My guess is that most folks will want to use Cloudera, IBM, or MapR for permanent clusters in permanent clouds. Although it's tempting to spin up a rack for a bit of work, it probably makes more sense to leave it up and running just to simplify the process of migrating the data. I suspect that most Hadoop work involves more data juggling than raw computation. Leaving the cluster up and running makes it possible to move the data in and out.
Another big difference is how the companies are adding features for processing different types of data. IBM includes Lucene, a text search engine for building indices. Cloudera offers intelligent log search. I think that these sorts of Hadoop add-ons will only become more common.

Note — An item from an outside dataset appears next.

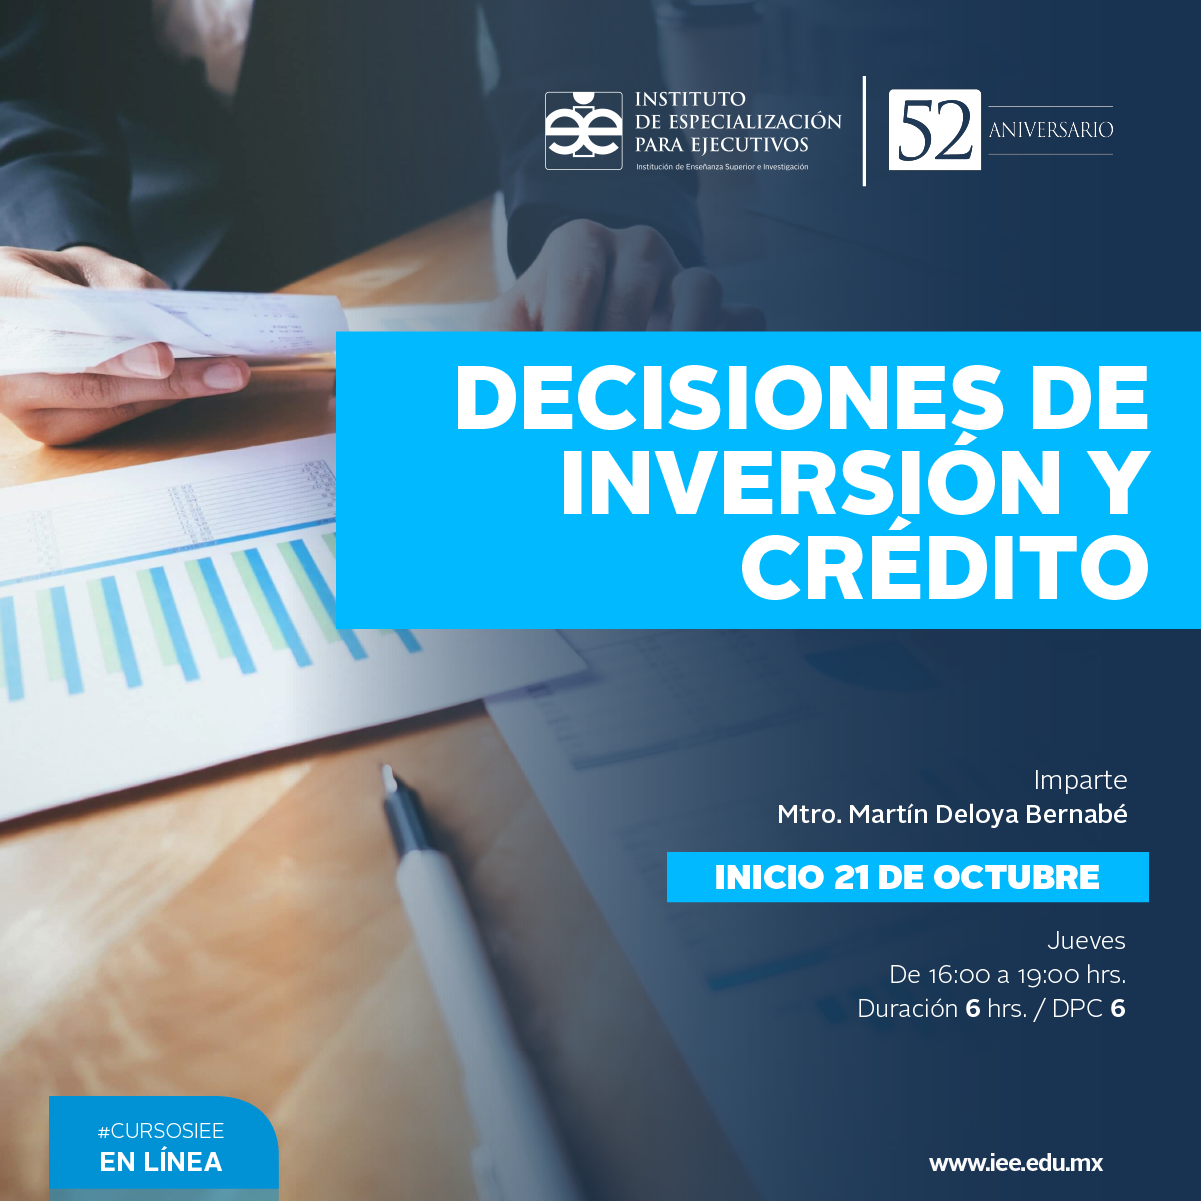 Curso en Línea Decisiones de Inversión y Crédito

These additions will also put more stress on the open source foundation of Hadoop. In many ways, the proliferation of different approaches shows the strength of the open source approach. The commercial vendors can collaborate on the care while competing on which extra features to add to the mix.
Still, there's bound to be some tension between the companies as they add material. I'm hopeful that the spirit of cooperation will continue to be strong enough to keep everyone working together, but there's no reason to assume that it will always be so. When people get good ideas, they'll roll them into their own clusters first and they may or may not contribute them back to the original distribution.
Commercial Hadoop distributions at a glance
|Amazon Elastic MapReduce||Hadoop implemented on EC2: Upload your JAR file of Hadoop jobs, and Amazon's management tools handle everything else including bidding for idle machines.|
|Cloudera CDH, Manager, and Enterprise||CDH: Hadoop, Hive, Mahout, Oozie, Pig, ZooKeeper, Hue, and other open source tools; no proprietary tools. Cloudera Manager Free Edition: All of CDH plus basic Manager supporting up to 50 cluster nodes. Cloudera Enterprise: Combines CDH, a more sophisticated Manager supporting an unlimited number of cluster nodes, proactive monitoring, and additional data analysis tools.|
|Hortonworks Data Platform||Hadoop, Hive, Mahout, Oozie, Pig, ZooKeeper, Hue, and other open source tools; no proprietary tools.|
|IBM InfoSphere BigInsights||Basic Edition: Hadoop, Hive, Mahout, Oozie, Pig, ZooKeeper, Hue, and other open source tools; basic version of the IBM installer and data access tools. Enterprise Edition: Adds sophisticated job management tools, a data access layer that integrates with major data sources, and BigSheets, a spreadsheet-like interface for manipulating data in the cluster.|
|MapR M3 and M5||M3: Hadoop, Hive, Mahout, Oozie, Pig, ZooKeeper, Hue, and other open source tools. M5: Adds direct NFS access, snapshots, and mirroring for "high availability."|
This article, "Enterprise Hadoop: Big data processing made easier," was originally published at InfoWorld.com. Follow the latest developments in business technology news and get a digest of the key stories each day in the InfoWorld Daily newsletter. For the latest business technology news, follow InfoWorld on Twitter.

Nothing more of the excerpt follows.